I think that encoding information should be included in the HTTP  
payload. In my opinion, the spec should not advice against this.  
Preferably, it would encourage putting the encoding information in  
the payload. (The BOM or, in the case of XML, the UTF-8 defaulting of  
the XML sniffing algorithm are fine.)

Rationale:
  1) Ruby's Postulate.
  2) It just uncool that I have to add the charset meta to the WA 1.0  
spec if I download it to disk and typeset it for printing using  
Prince which does not see the original HTTP headers. Real documents  
do get detached from HTTP.

For application/xml and application/xhtml+xml, HTTP-level charset is  
harmful, because the internal info is reliable and efficiently  
sniffed, so the HTTP-level stuff is either redundant or wrong.

For text/html, also providing HTTP-level charset makes sense, because  
internal encoding info sniffing is inefficient.

The text/xml type is considered harmful.

I think it should be a conformance requirement that the HTTP-level  
encoding info and the internal payload info agree if both are supplied.

On Mar 1, 2007, at 09:13, Julian Reschke wrote:

> If a proxy transcodes xhtml today, and does not modify the XML  
> declaration (when present), it will break the content, right?

  * A transcoding proxy that does not modify the XML declaration and  
tampers with application/* is broken.
  * Before basing advice on conjecture about transcoding proxies, it  
should be shown that transcoding proxies exist, are deployed (and for  
a good reason) and their true nature should be researched. (For now,  
I am treating non-reverse transcoding proxies as an urban legend.)
  * Distributed UAs (where the proxy and the client are more tightly  
coupled than in an HTTP client/proxy case, such as Opera Mini) do not  
count.
  * Russian Apache is not a trancoding proxy.

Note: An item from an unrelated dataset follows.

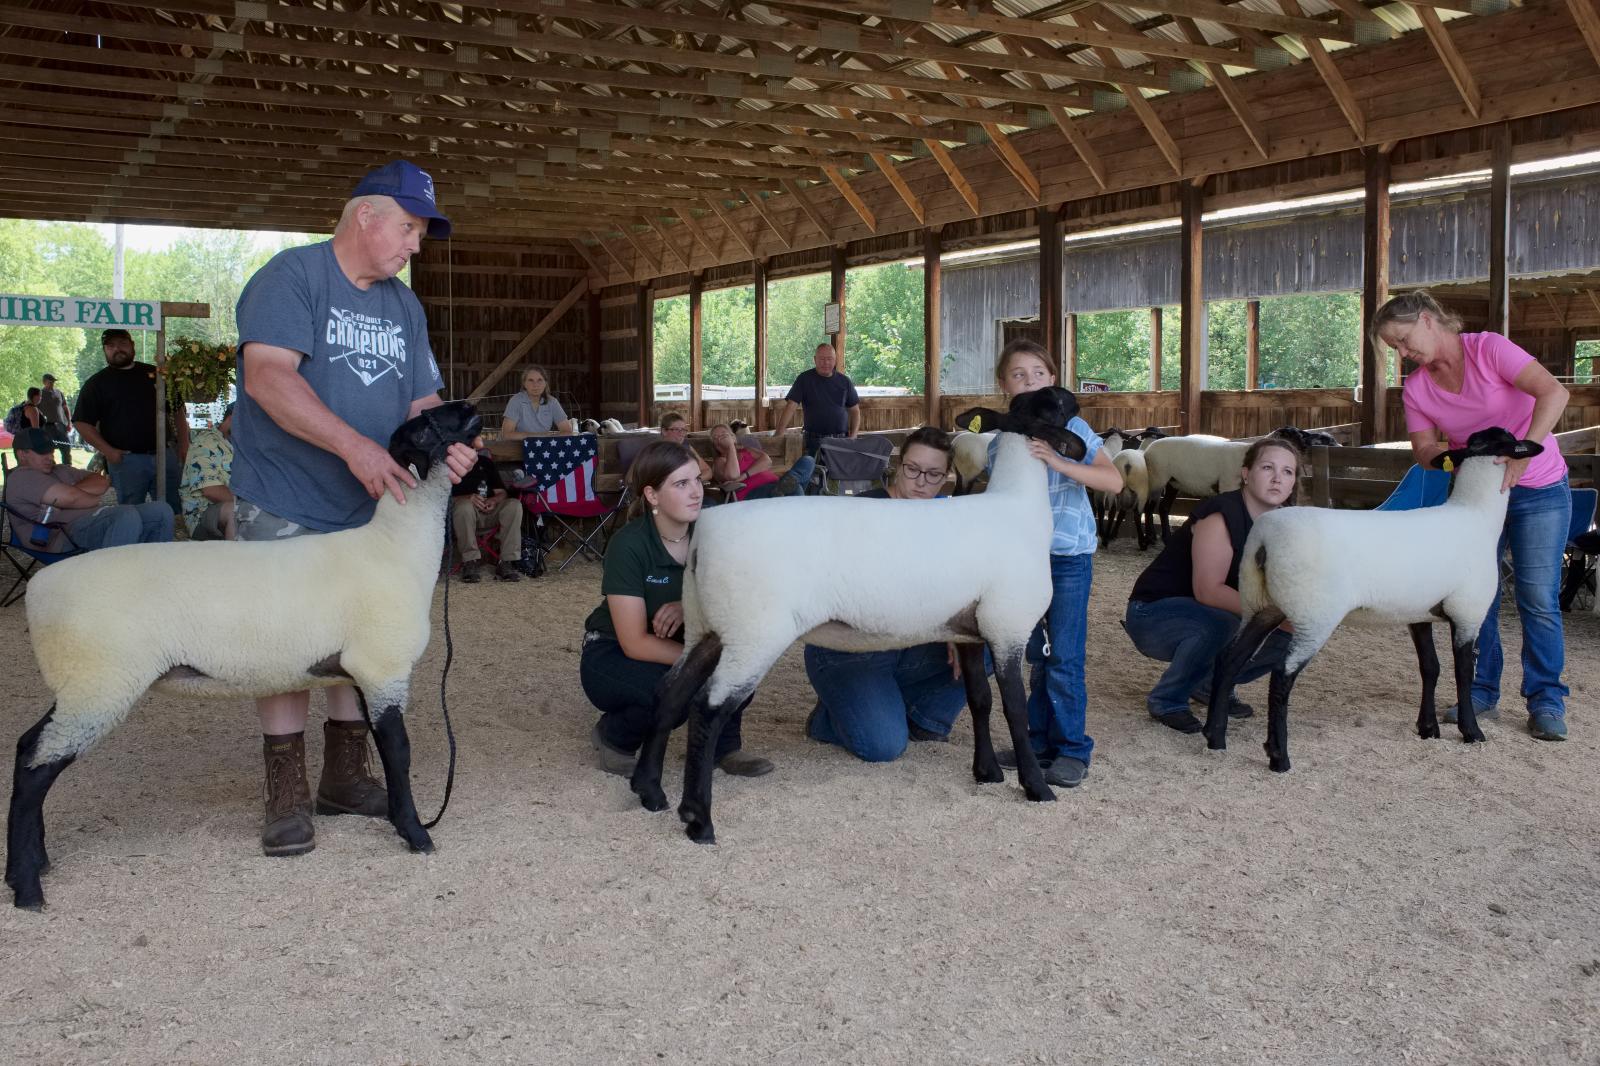 Cheshire County Fair Sheep Show | Buy this image

It is a transcoding  
origin server.
  * Reverse proxies (e.g. http://apache.webthing.com/mod_proxy_html/)  
are origin servers as far as browsers are concerned. Whatever reverse  
proxies break is within the control of the reverse proxy operator.
  * When pages follow the best practice of being encoded as UTF-8,  
there is no legitimate reason to transcode.
  * Browsers have supported all the relevant Cyrillic and Japanese  
encodings for years, so the argumentation about Russian and Japanese  
transcoding proxy needs falls flat today.

-- 
Henri Sivonen
hsivonen at iki.fi
http://hsivonen.iki.fi/